_Recorded information_.
=======

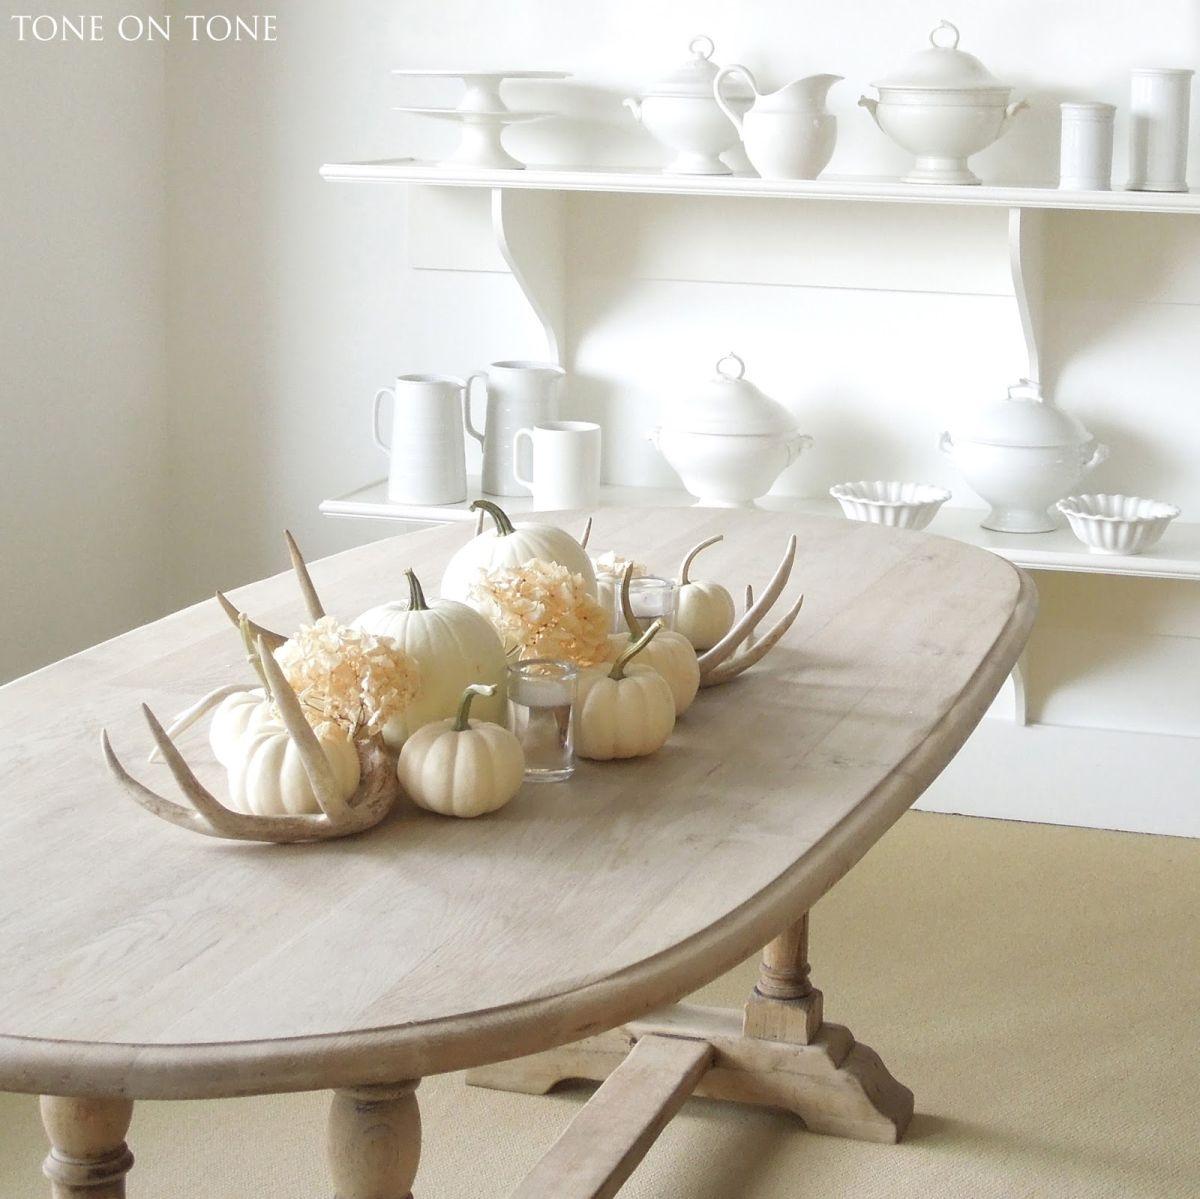 Pumpkin and Antler Table Display
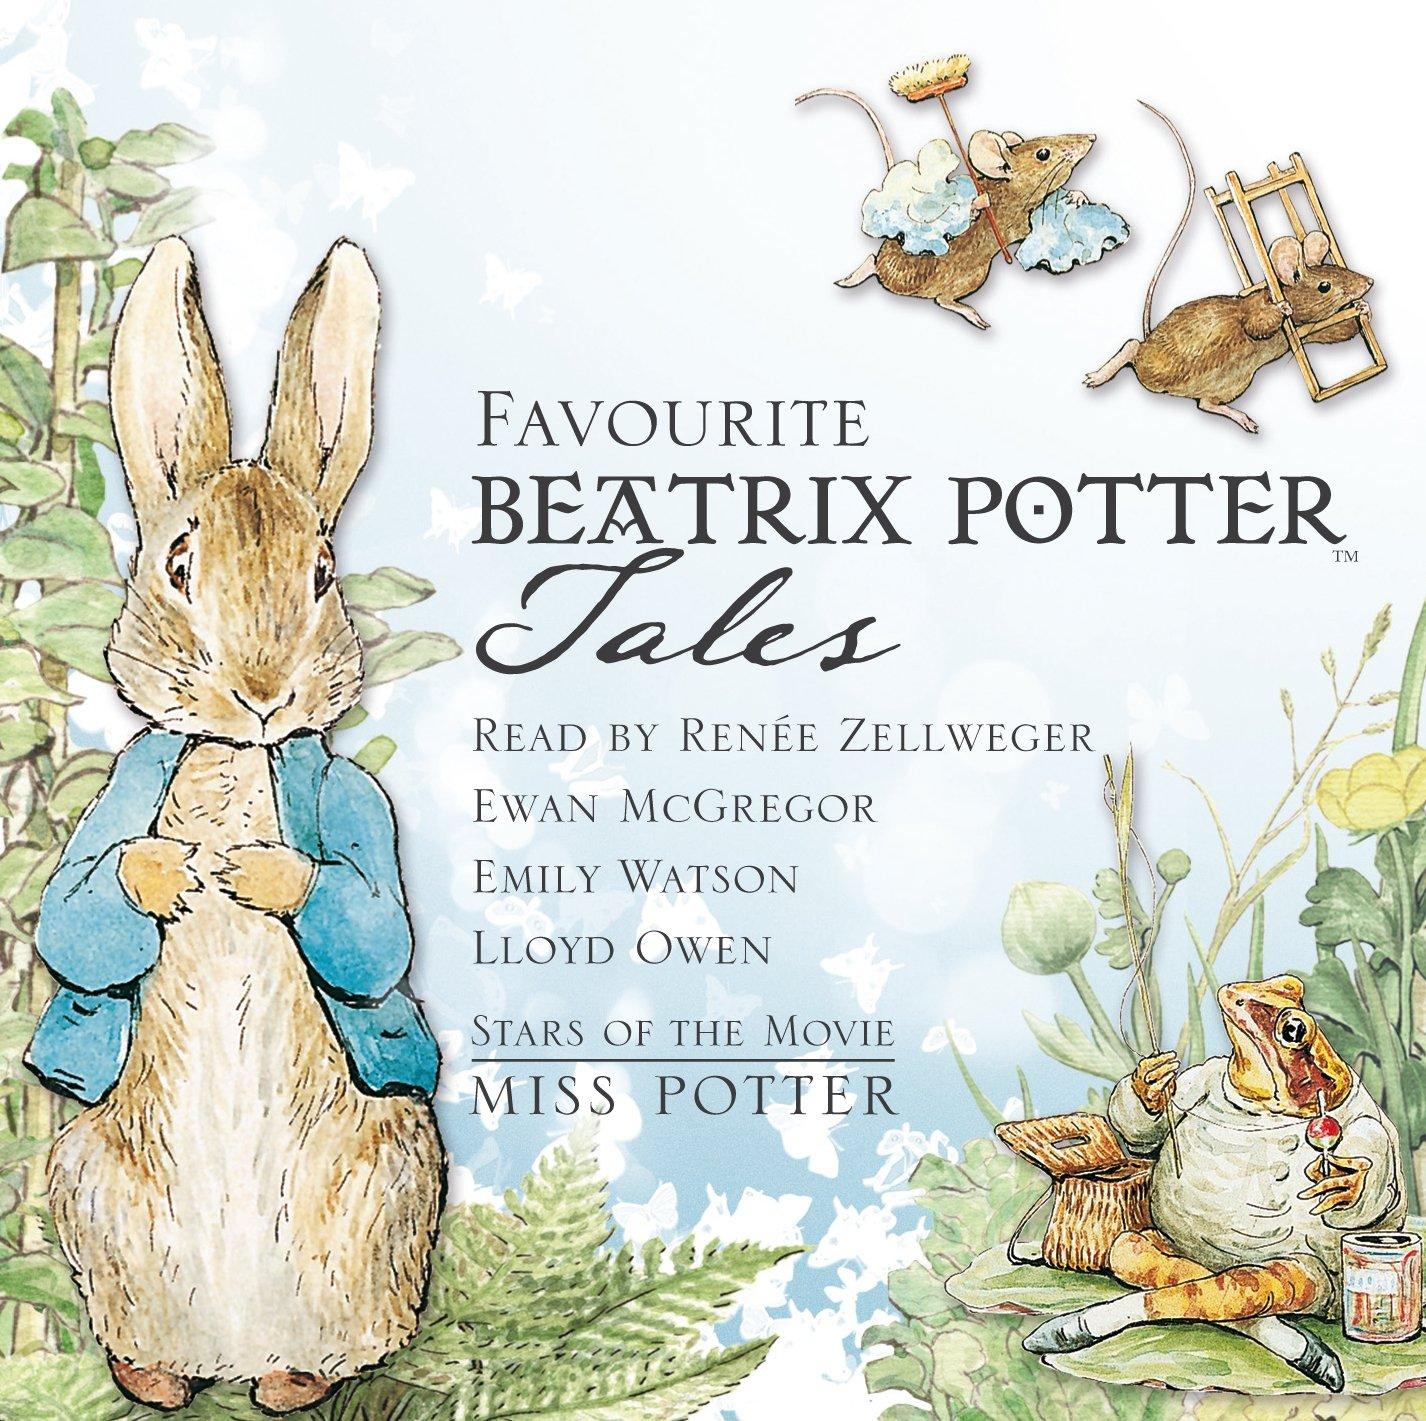 Best Beatrix Potter books
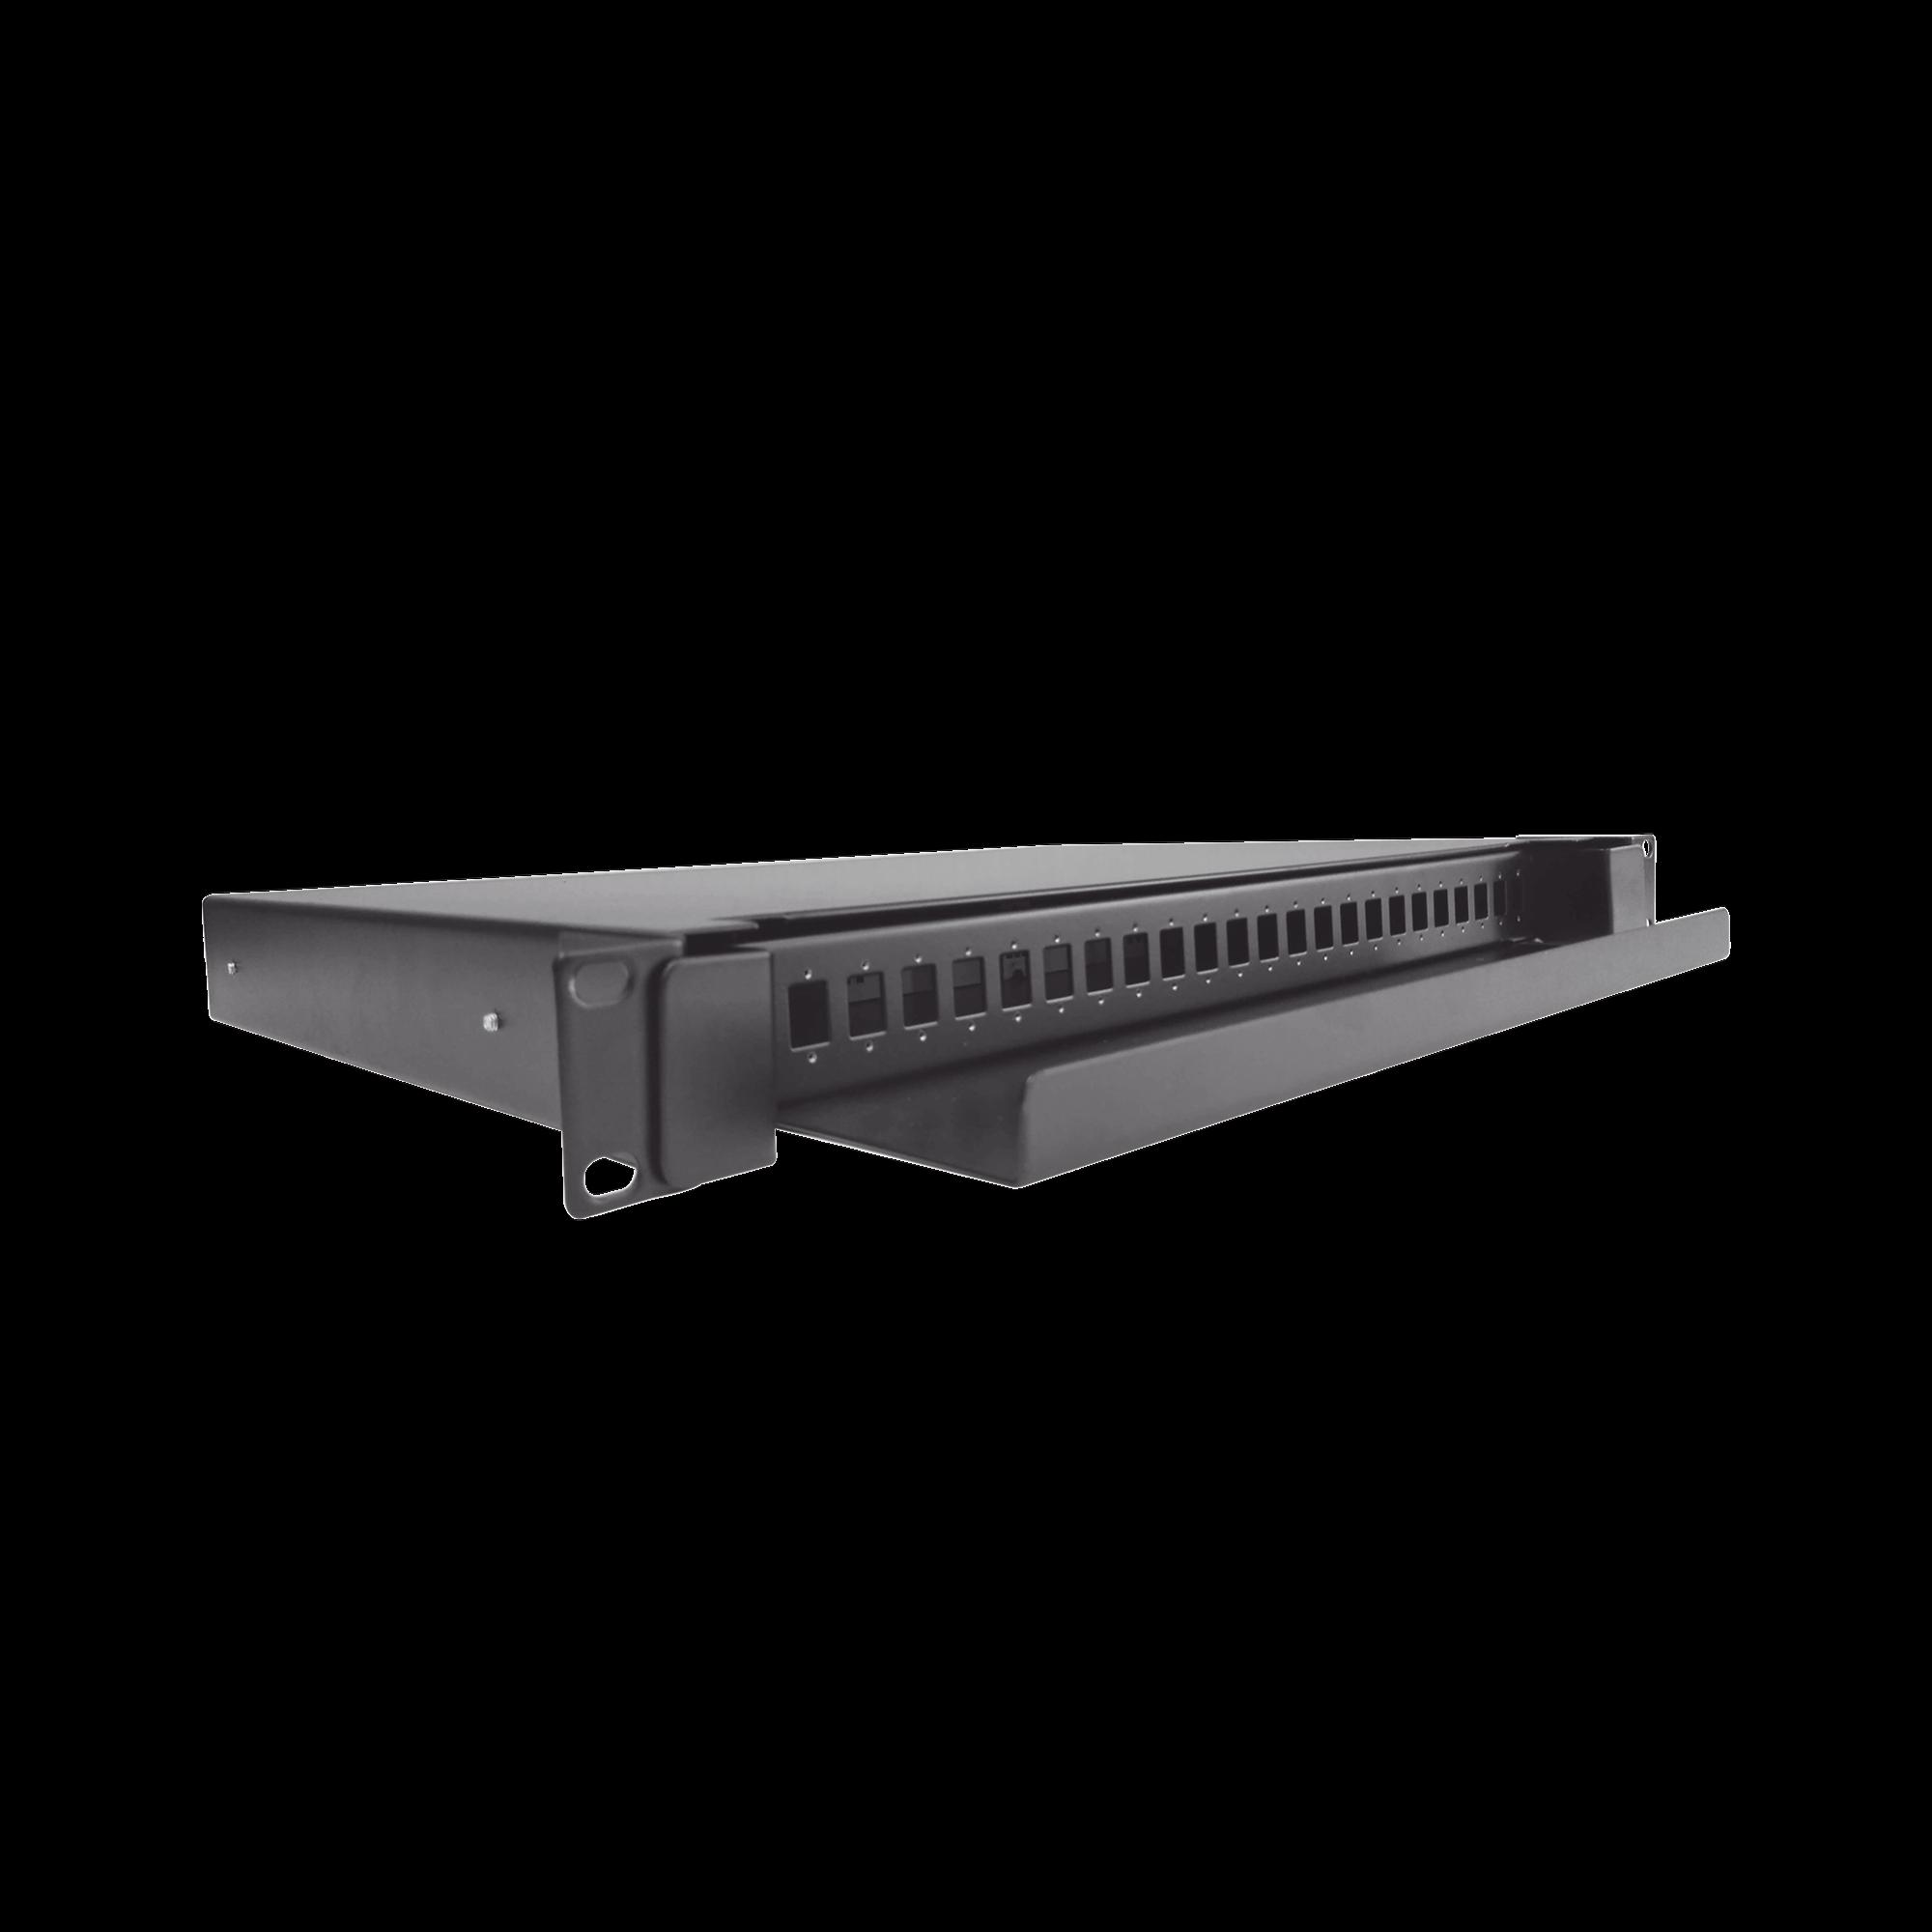 Distribuidor de Fibra óptica deslizable, vacío, 19in, acepta 24 adaptadores LC Duplex o LC Simplex o 24 SC Simplex, 1U

=======

_Exercise_.
Set down the material again exactly. Don't carry over any pictures.

_Response for this exercise_.
 Pumpkin and Antler Table Display
 Best Beatrix Potter books
 Distribuidor de Fibra óptica deslizable, vacío, 19in, acepta 24 adaptadores LC Duplex o LC Simplex o 24 SC Simplex, 1U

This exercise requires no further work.